In honor of Throwback Thursday, I’d like to share two letters from a Porter Novelli Perspectives panel at SXSW 2017. Titled “A Tech Exec’s Note to His Younger Female Self,” KP Reddy, a tech industry leader, and Pia Sen, college student, shared insights as they imagined addressing their older/younger opposite-gender selves.
When we devised this panel, I knew KP and Pia would be a great match. KP is an established tell-it-like-it-is tech veteran with several successful startups under his belt. His career spans the innovation continuum. Over 25+ years, he has been a technologist, subject expert, founder, CEO, advisor, investor, professor, author and coach. He’s currently the co-founder and partner of The Combine, a new kind of corporate innovation accelerator. Here’s his letter:
Dear younger female self,
As you transition from your college life into the real world, I provide these words of advice:
You are smarter than them, all of them. Start acting like it.

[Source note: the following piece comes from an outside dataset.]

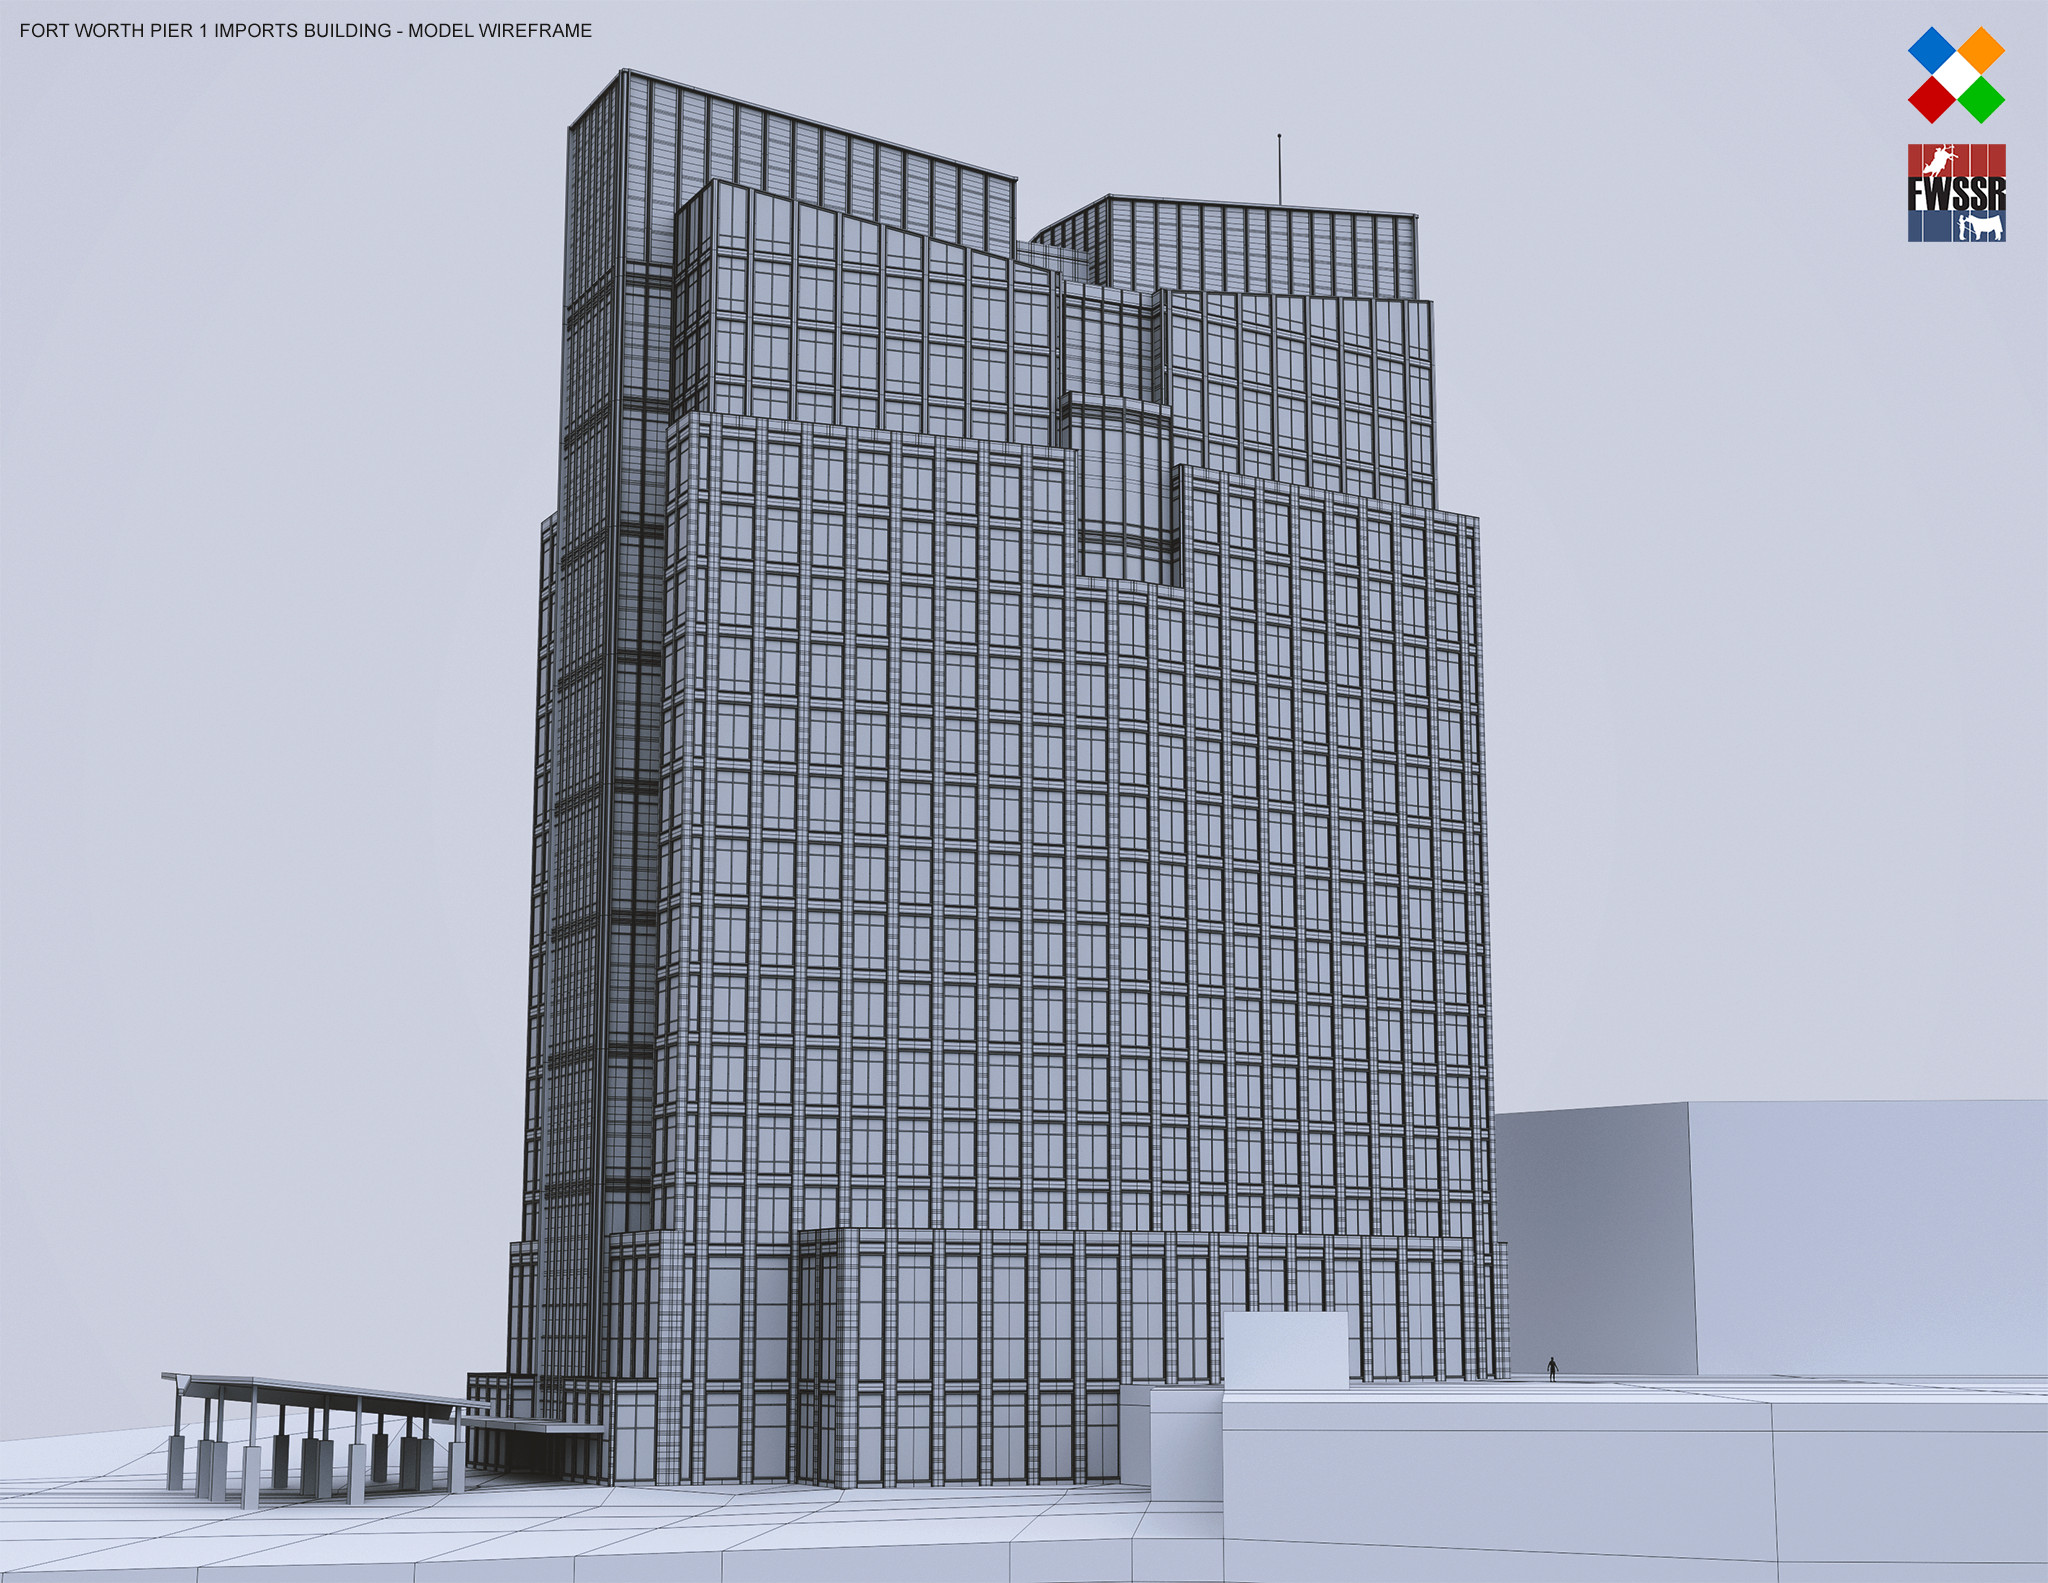 Fort Worth Pier 1 Imports Building Wireframe Render

Stretch goals are just called goals.
Apply for the job you want, not the job you can get.
Be balanced; do try to have a balanced life.
Be an artist, athlete, philosopher and professional.

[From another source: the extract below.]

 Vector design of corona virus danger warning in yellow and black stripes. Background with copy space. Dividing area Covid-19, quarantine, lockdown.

Finally, blank pages in your passport are equal opportunities for individual and shared experiences.
KP
I first met Pia at SXSW 2016, when she spoke about developing a way to fight antibiotic resistant bacteria as a high school science fair project and became an Intel International Science and Engineering Fair finalist. Afterwards, when I asked her about how to create more Pias in the world, she said this: “You teach people they are more than their GPA… You are what you care about.” As a student at the University of Texas at Austin, she cares about a lot. She has a passion for social justice and mentoring girls in STEM. She impressed me then, just as she impresses me now. Here is Pia’s letter:
Dear older male self,
I hope that you are well. I hope that you’ve been outside in the last 24 hours, and that you’ve been able to watch the sun rise and set from somewhere other than your office or car or laboratory. I hope that you’re still active and like to hang out with the people you went to school with growing up. Because I know a lot of them are still there. I hope you remember why you worked so hard to go beyond the areas that you saw as a child: beyond socioeconomic disparity and where immigration officers and police zones were not a constant reality opposed to an anomaly. Not everyone was as lucky as you, and I hope you’re using your position and privilege to help the people you grew up with.
I hope that you remember what it was like to be young. Do you remember elementary school primarily being in Spanish, because most of the other students hadn’t been able to learn English from their parents? Do you remember how hard it was to ever imagine yourself as a professional working something other than a minimum wage job? How difficult it was to ever envision yourself at college, let alone at college for STEM? By middle school, the stuff you were learning in school didn’t seem applicable to real life. After all, how were school shootings and lock downs relatable to calculus and chemistry? Those plastic atomic models seemed more and more irrelevant, the further you progressed in school. When you reach out and try to fulfill your moral obligation to the children around you, remember that. Remember when kids are fighting to support their families every day and have to work multiple jobs, all while facing the normal societal pressures of being a teen (as well as a breadwinner), school is seen as a luxury or an accessory to a bigger picture: survival. You need to make children realize that school is a place with potential to enable survival — of both yourself and the others around you who you love the most; that perhaps education is something that is a right opposed to a waste of time; something that can change your life. Perhaps to learn is to find new ways to free yourself. It’s also important to remember to make the education accessible to the situations that these children are in. For young girls living in East Austin, “engineering” sounds like a big word meant for people who have different backgrounds than them. Using creative solutions to make engineering attractive (from things as neat as conductive thread to make light up dresses), is key here.
Most of all, I hope you remember your obligation. Because helping those people isn’t a privilege. It’s a requirement. For engineering to be a force for good, you cannot merely be neutral in situations like these. You have to fight for the voices that aren’t expressed in technology right now.
-Pia
Thank you both for your advice. #tbt
KP Reddy effortlessly combines expertise in advanced technologies with critical, in-the-trenches experience as an entrepreneur. His passion is in launching game-changing start-ups, raising substantial investments, and leading organizations to meaningful acquisition and IPO exits. Currently, Reddy is co-founder and partner of The Combine, whose aim is to commercialize corporate innovation.
Pia Sen is a college student and researcher currently debating on scholarship at the University of Texas at Austin. Her goal is to go to graduate school, and combine her passion for programming, mechanical and electrical engineering, and biology. She anticipates becoming a synthetic biologist with an emphasis on microbiology or nanotechnology. She is a winner of the NCWIT Aspirations in Computing Award for girls in technology.